Task to complete:
Using only the entries below, copy exactly the lines that begin at the one with "research paper on nursing shortage" and end at the one with "MEDALIST CLUB Pista Ciclismo armadura Yoroi", both included. Drop the pictures.

Dataset excerpts:
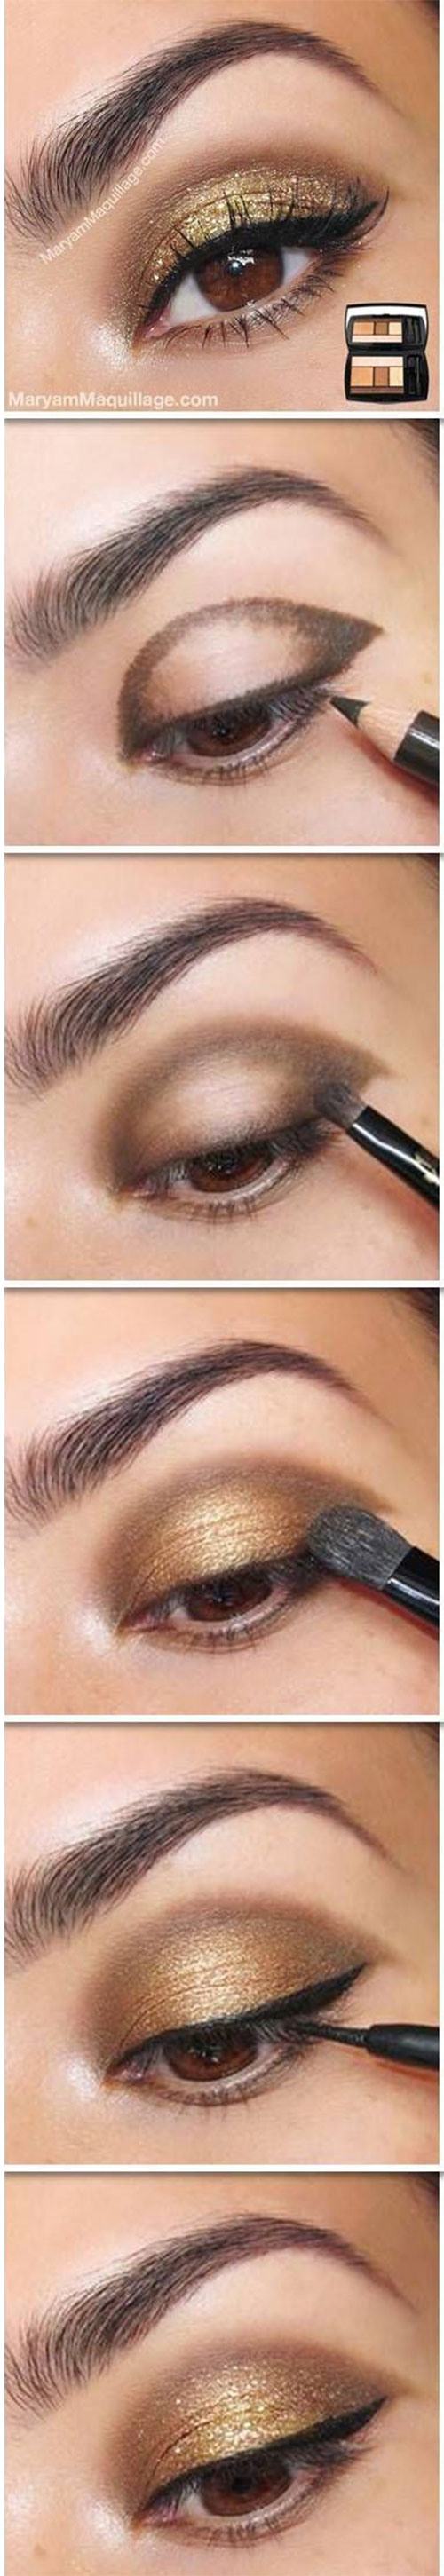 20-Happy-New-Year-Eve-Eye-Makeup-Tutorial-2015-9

* * *

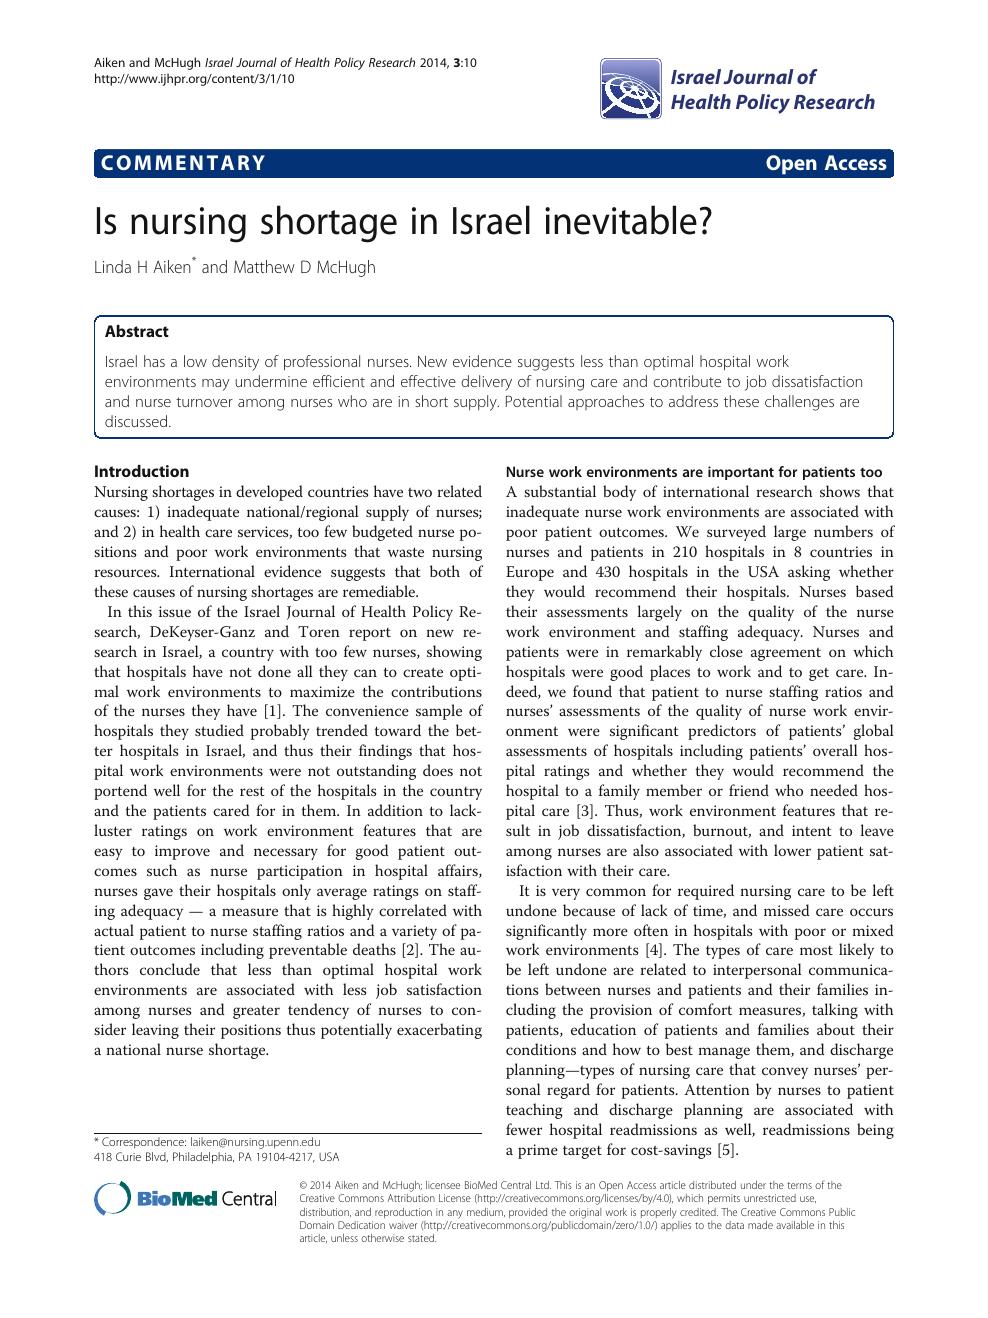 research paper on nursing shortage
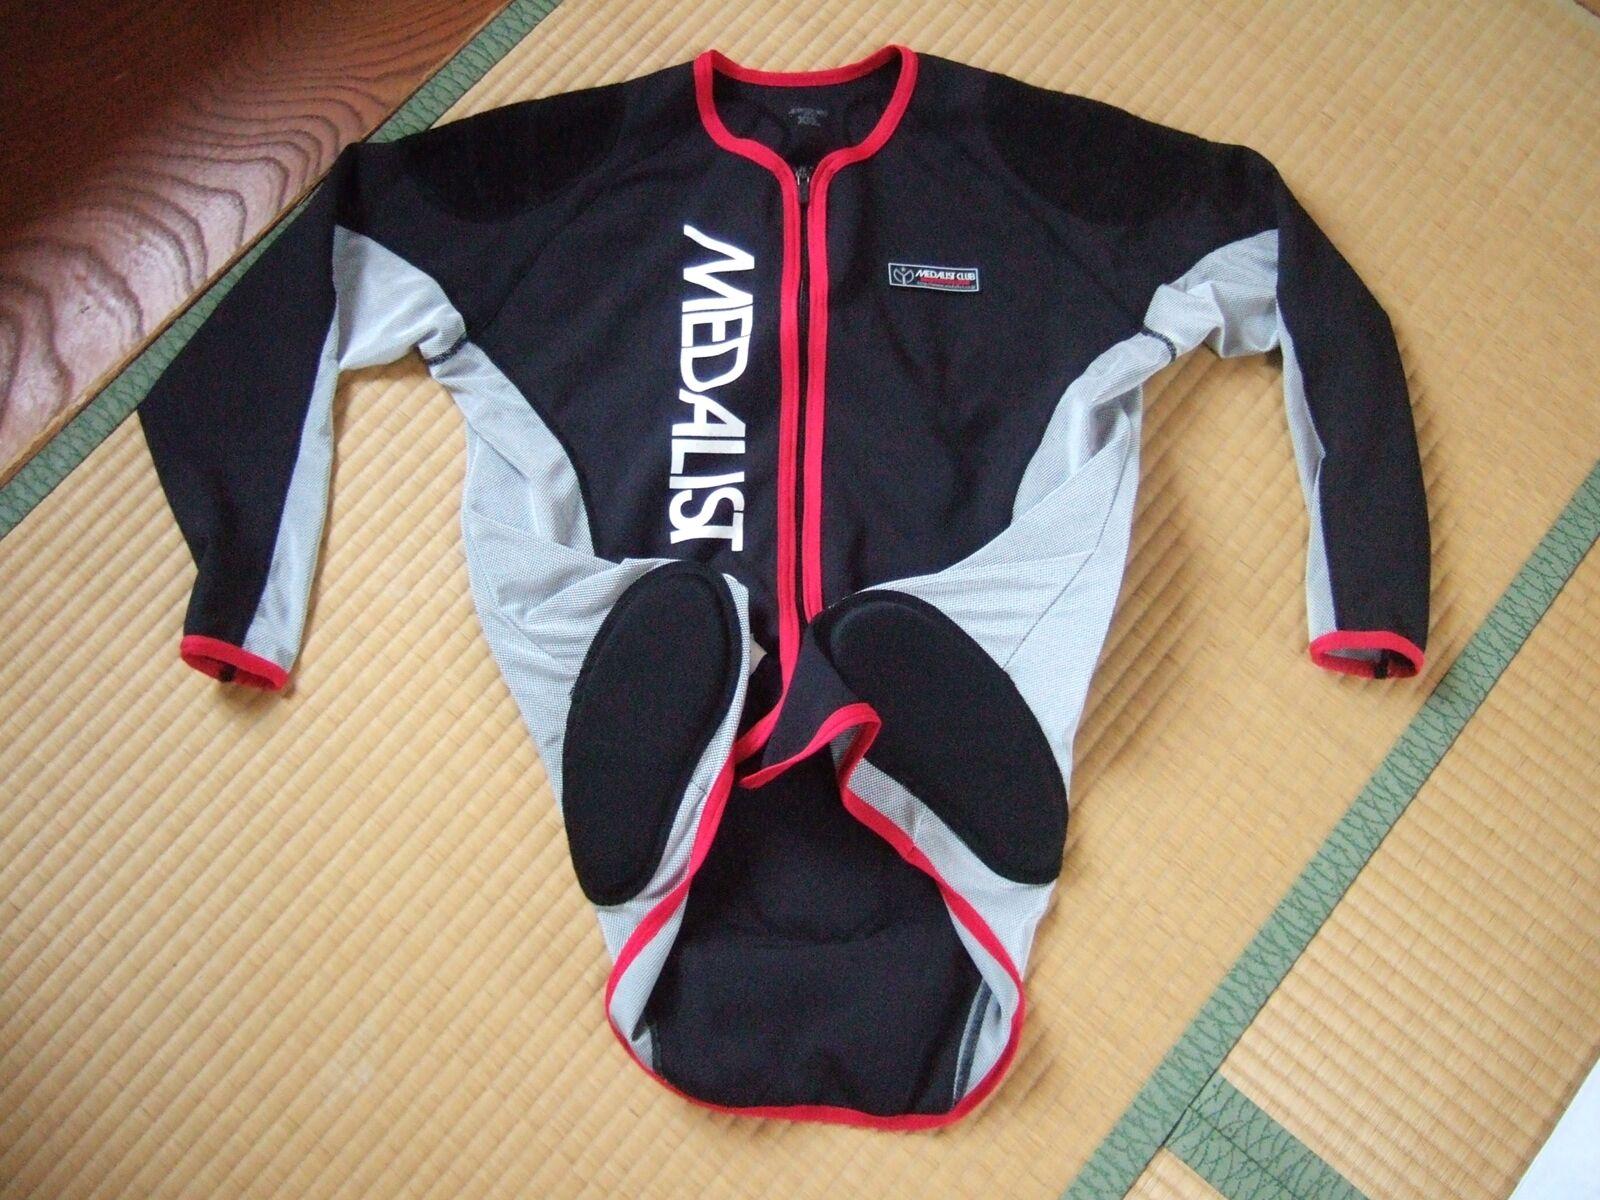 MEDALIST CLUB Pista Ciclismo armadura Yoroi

Solution to this exercise:
 research paper on nursing shortage
 MEDALIST CLUB Pista Ciclismo armadura Yoroi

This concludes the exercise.